Is the future of Hadoop set? Experts talk market gaps, investment opportunities

elephant suitHadoop now powers Big Data applications for more than half of Fortune 50 companies, used by businesses like Yahoo! Inc., IBM, and Facebook, Inc. So as the need for Big Data analytics continues to grow, so will the demand for Hadoop. The global Hadoop market is projected to increase from $1.5 billion in 2012 to $8.74 billion in 2016, reaching $50.2 billion by 2020, according to market analysts.

The ecosystem supporting Hadoop continues to evolve, as evidenced during this year’s Hadoop World Conference in New York, where companies like Cray Inc., Tableau Software, Inc., and Revolution Analytics Inc. revealed new Hadoop-based tools. According to a recent survey from research firm Wikibon.org, 65 percent of Big Data practitioners have already shifted resources from EDW to Big Data and Hadoop. An additional 35 percent plan to do so by the end of 2014.

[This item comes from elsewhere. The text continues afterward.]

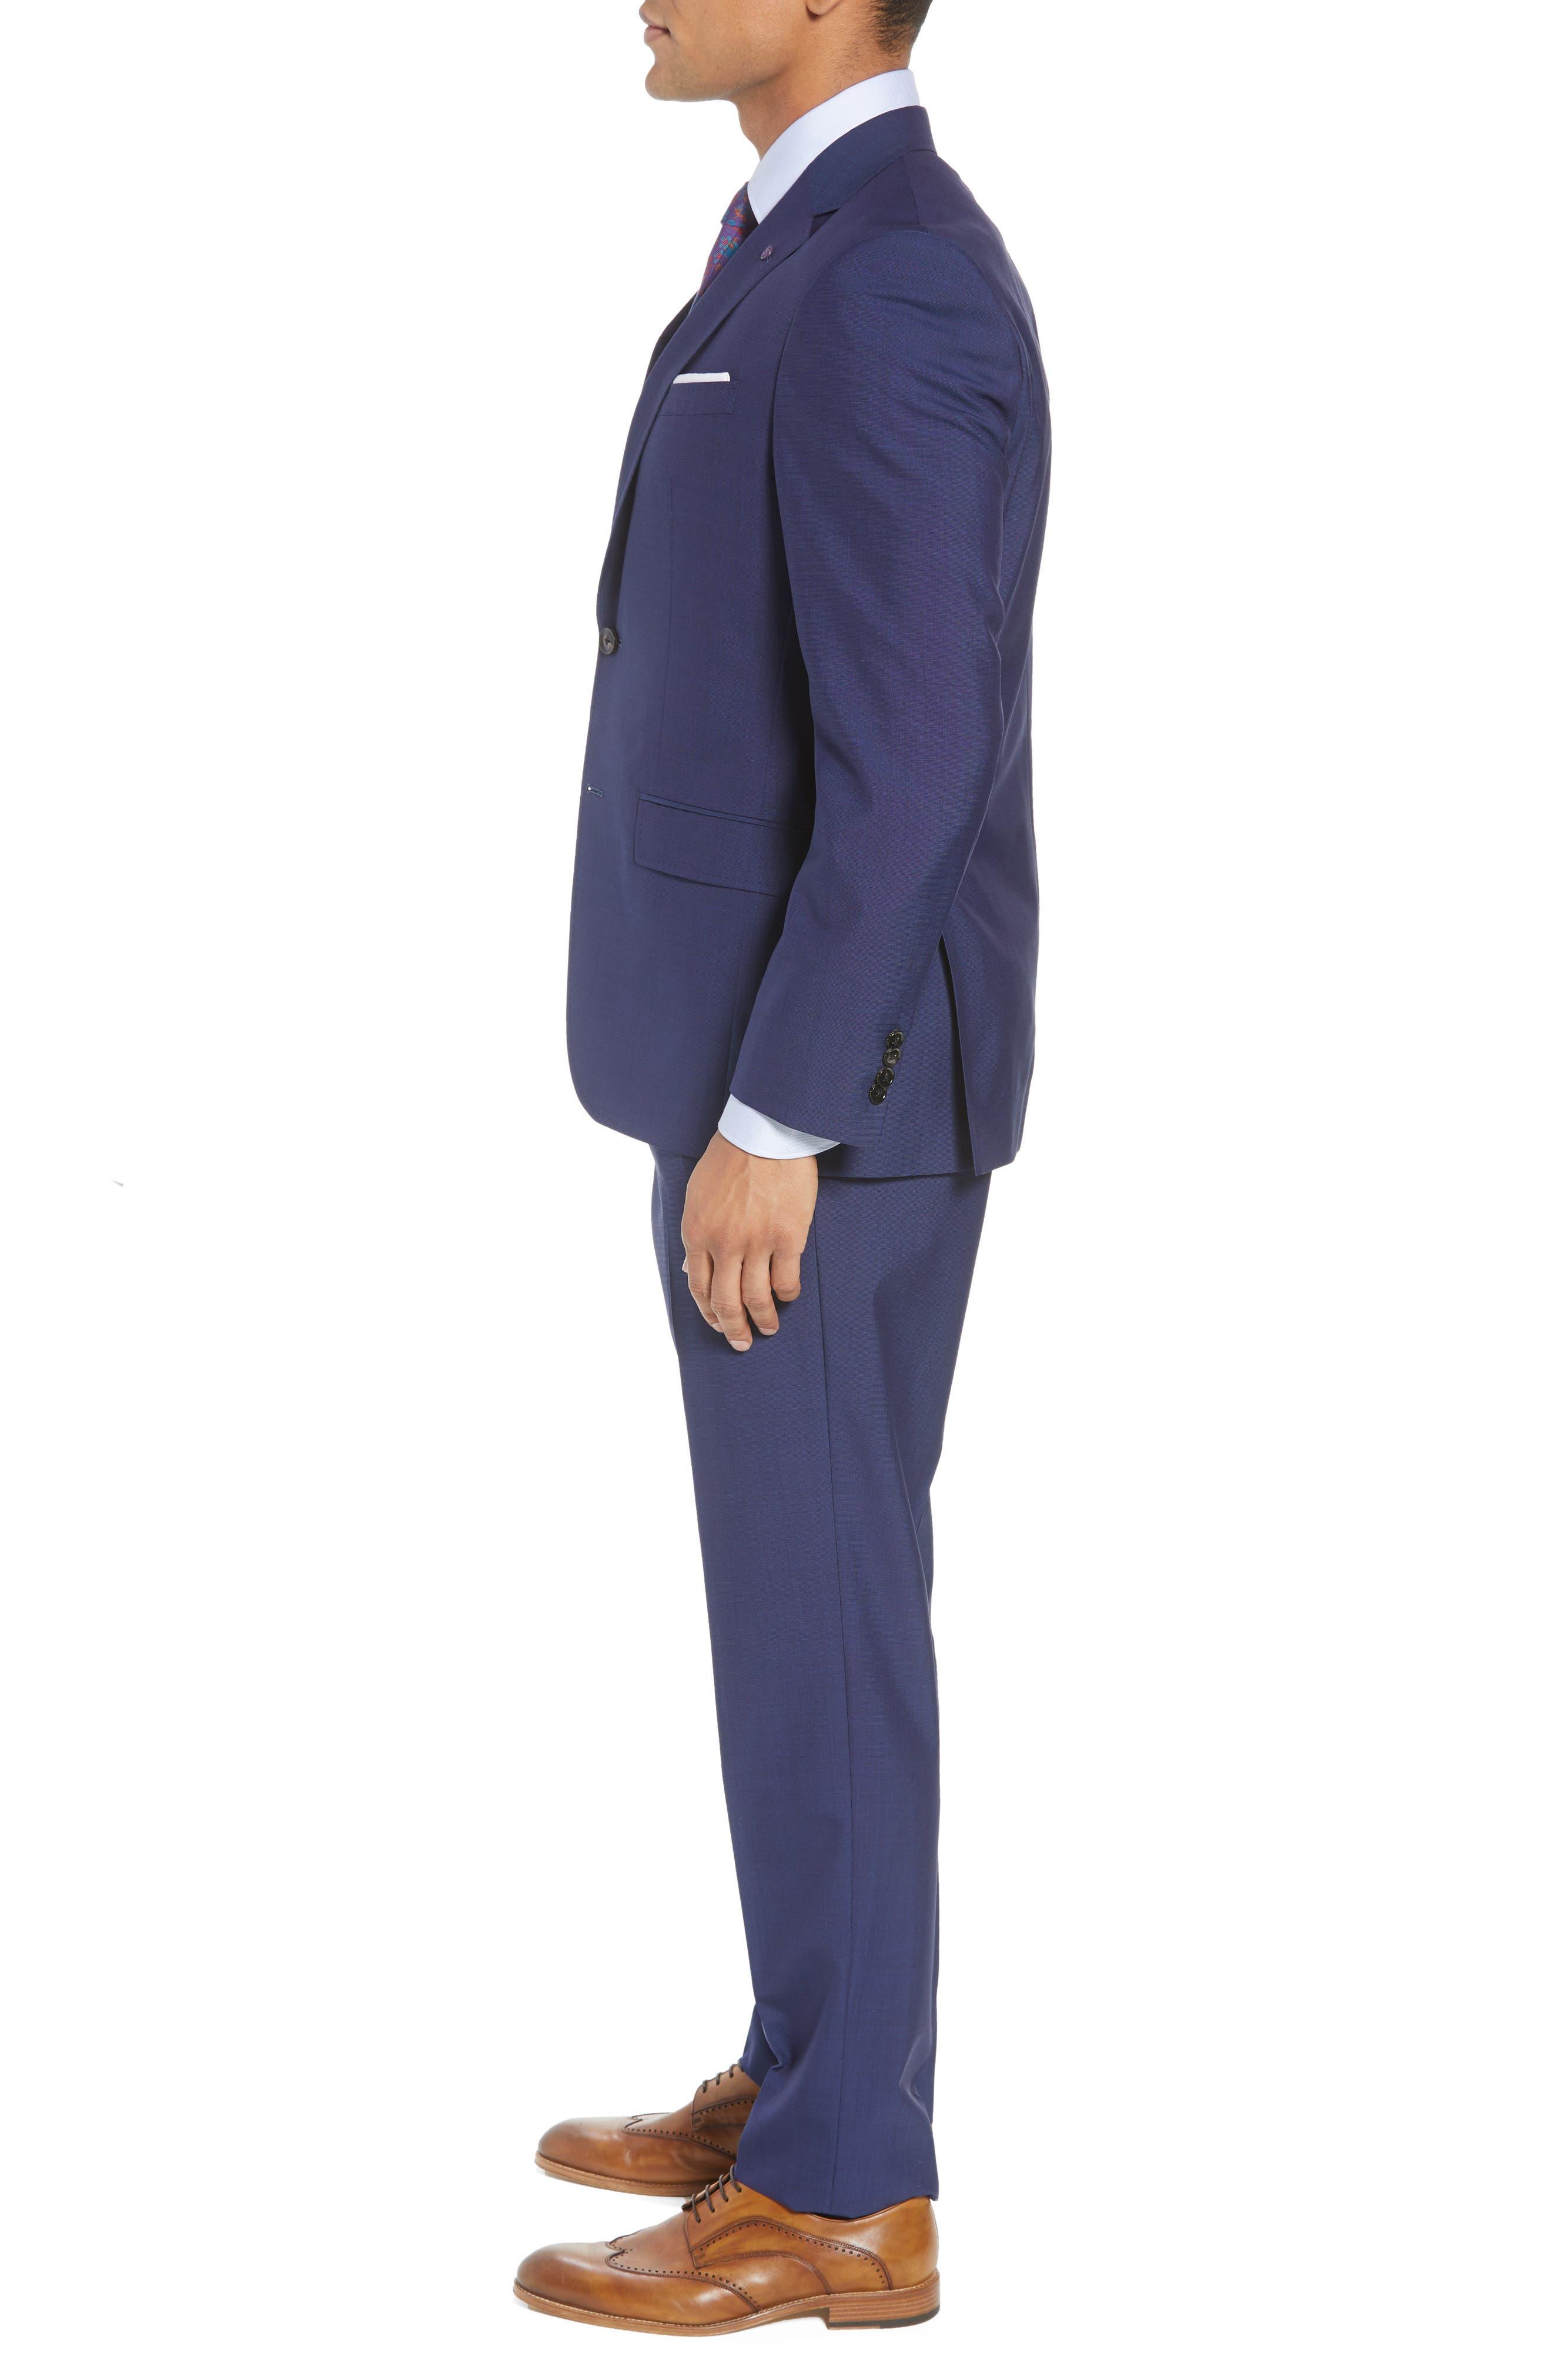 TED BAKER LONDON, Jay Trim Fit Suit, Alternate thumbnail 3, color, BLUE
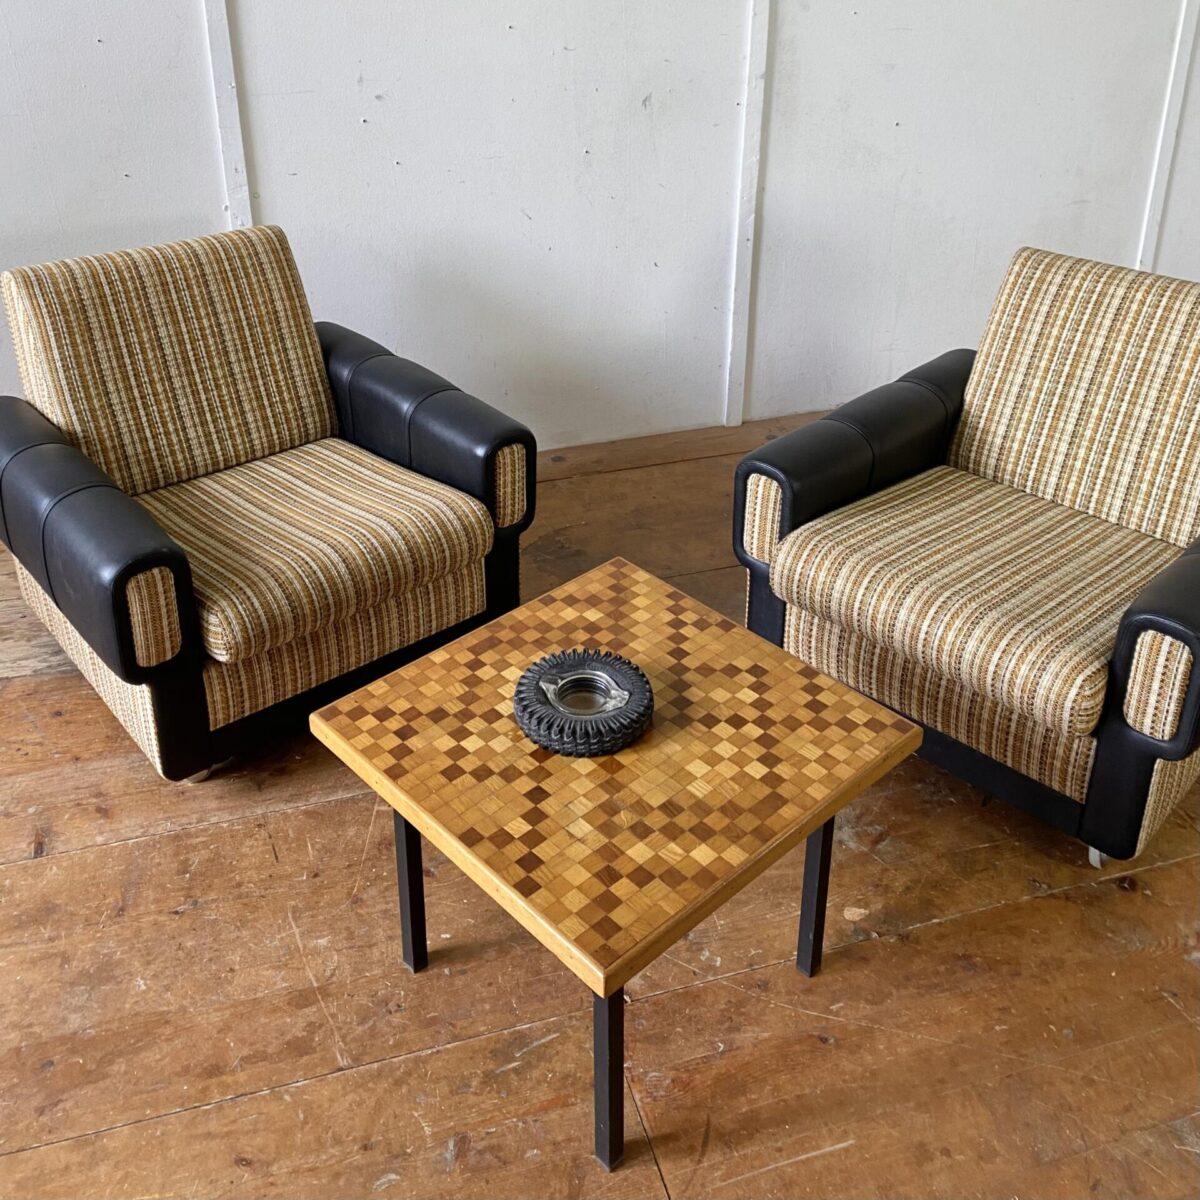 Deuxieme.shop vintage Sessel Zwei Polster Sessel mit Rollen aus den 60er Jahren. 82x82cm Höhe 73cm Sitzhöhe 38cm Preis pro Stück. Die Sessel sind in gutem sauberen Zustand. Braun-beige gemusterter Wollstoff, die Seitenteile sind Kunstleder. Der Kleine salontisch ist ebenfalls verfügbar 55x55cm Höhe 42cm. 90.-

Another interesting indicator of Hadoop’s current influence: Hortonworks Inc., the second-largest Hadoop distributor, just filed for an initial public offering (IPO) scheduled to take place in 2014 or 2015. But is the future of Hadoop set? Here are some insights and forecasts about the future of this open-source technology.

Enterprise experimentation increases for Hadoop

 

Clint Sharp, Director of Product Management, Big Data & Operational Intelligence, Splunk, Inc.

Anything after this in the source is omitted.